Exercise requirements: Produce an exact copy of the data below.

Provided data:
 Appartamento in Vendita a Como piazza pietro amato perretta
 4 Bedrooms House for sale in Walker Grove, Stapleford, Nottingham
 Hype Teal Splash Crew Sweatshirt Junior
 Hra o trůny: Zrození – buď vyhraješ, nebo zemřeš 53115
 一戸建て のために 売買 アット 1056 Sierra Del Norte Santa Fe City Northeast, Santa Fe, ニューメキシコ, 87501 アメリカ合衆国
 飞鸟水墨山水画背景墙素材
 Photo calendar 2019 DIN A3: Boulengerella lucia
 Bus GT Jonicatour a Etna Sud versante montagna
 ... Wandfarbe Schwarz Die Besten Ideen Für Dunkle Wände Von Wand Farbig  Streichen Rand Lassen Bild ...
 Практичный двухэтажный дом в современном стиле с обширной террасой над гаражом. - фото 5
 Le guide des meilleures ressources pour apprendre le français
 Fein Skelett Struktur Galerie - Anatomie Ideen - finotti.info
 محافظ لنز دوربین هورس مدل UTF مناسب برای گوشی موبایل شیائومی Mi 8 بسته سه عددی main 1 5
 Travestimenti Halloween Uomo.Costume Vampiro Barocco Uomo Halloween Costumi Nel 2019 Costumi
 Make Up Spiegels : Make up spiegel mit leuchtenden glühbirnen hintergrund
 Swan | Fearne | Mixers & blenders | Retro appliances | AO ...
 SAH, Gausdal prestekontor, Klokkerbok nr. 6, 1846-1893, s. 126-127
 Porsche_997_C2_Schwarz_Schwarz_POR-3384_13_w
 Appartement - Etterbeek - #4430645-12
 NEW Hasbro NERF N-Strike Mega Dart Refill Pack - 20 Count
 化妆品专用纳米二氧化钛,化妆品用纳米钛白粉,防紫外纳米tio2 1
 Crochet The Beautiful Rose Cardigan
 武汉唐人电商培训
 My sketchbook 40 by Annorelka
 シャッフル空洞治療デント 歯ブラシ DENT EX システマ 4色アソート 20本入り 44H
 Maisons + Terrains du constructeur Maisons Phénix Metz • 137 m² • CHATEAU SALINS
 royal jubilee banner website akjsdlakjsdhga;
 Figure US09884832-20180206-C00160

Task response:
 Appartamento in Vendita a Como piazza pietro amato perretta
 4 Bedrooms House for sale in Walker Grove, Stapleford, Nottingham
 Hype Teal Splash Crew Sweatshirt Junior
 Hra o trůny: Zrození – buď vyhraješ, nebo zemřeš 53115
 一戸建て のために 売買 アット 1056 Sierra Del Norte Santa Fe City Northeast, Santa Fe, ニューメキシコ, 87501 アメリカ合衆国
 飞鸟水墨山水画背景墙素材
 Photo calendar 2019 DIN A3: Boulengerella lucia
 Bus GT Jonicatour a Etna Sud versante montagna
 ... Wandfarbe Schwarz Die Besten Ideen Für Dunkle Wände Von Wand Farbig  Streichen Rand Lassen Bild ...
 Практичный двухэтажный дом в современном стиле с обширной террасой над гаражом. - фото 5
 Le guide des meilleures ressources pour apprendre le français
 Fein Skelett Struktur Galerie - Anatomie Ideen - finotti.info
 محافظ لنز دوربین هورس مدل UTF مناسب برای گوشی موبایل شیائومی Mi 8 بسته سه عددی main 1 5
 Travestimenti Halloween Uomo.Costume Vampiro Barocco Uomo Halloween Costumi Nel 2019 Costumi
 Make Up Spiegels : Make up spiegel mit leuchtenden glühbirnen hintergrund
 Swan | Fearne | Mixers & blenders | Retro appliances | AO ...
 SAH, Gausdal prestekontor, Klokkerbok nr. 6, 1846-1893, s. 126-127
 Porsche_997_C2_Schwarz_Schwarz_POR-3384_13_w
 Appartement - Etterbeek - #4430645-12
 NEW Hasbro NERF N-Strike Mega Dart Refill Pack - 20 Count
 化妆品专用纳米二氧化钛,化妆品用纳米钛白粉,防紫外纳米tio2 1
 Crochet The Beautiful Rose Cardigan
 武汉唐人电商培训
 My sketchbook 40 by Annorelka
 シャッフル空洞治療デント 歯ブラシ DENT EX システマ 4色アソート 20本入り 44H
 Maisons + Terrains du constructeur Maisons Phénix Metz • 137 m² • CHATEAU SALINS
 royal jubilee banner website akjsdlakjsdhga;
 Figure US09884832-20180206-C00160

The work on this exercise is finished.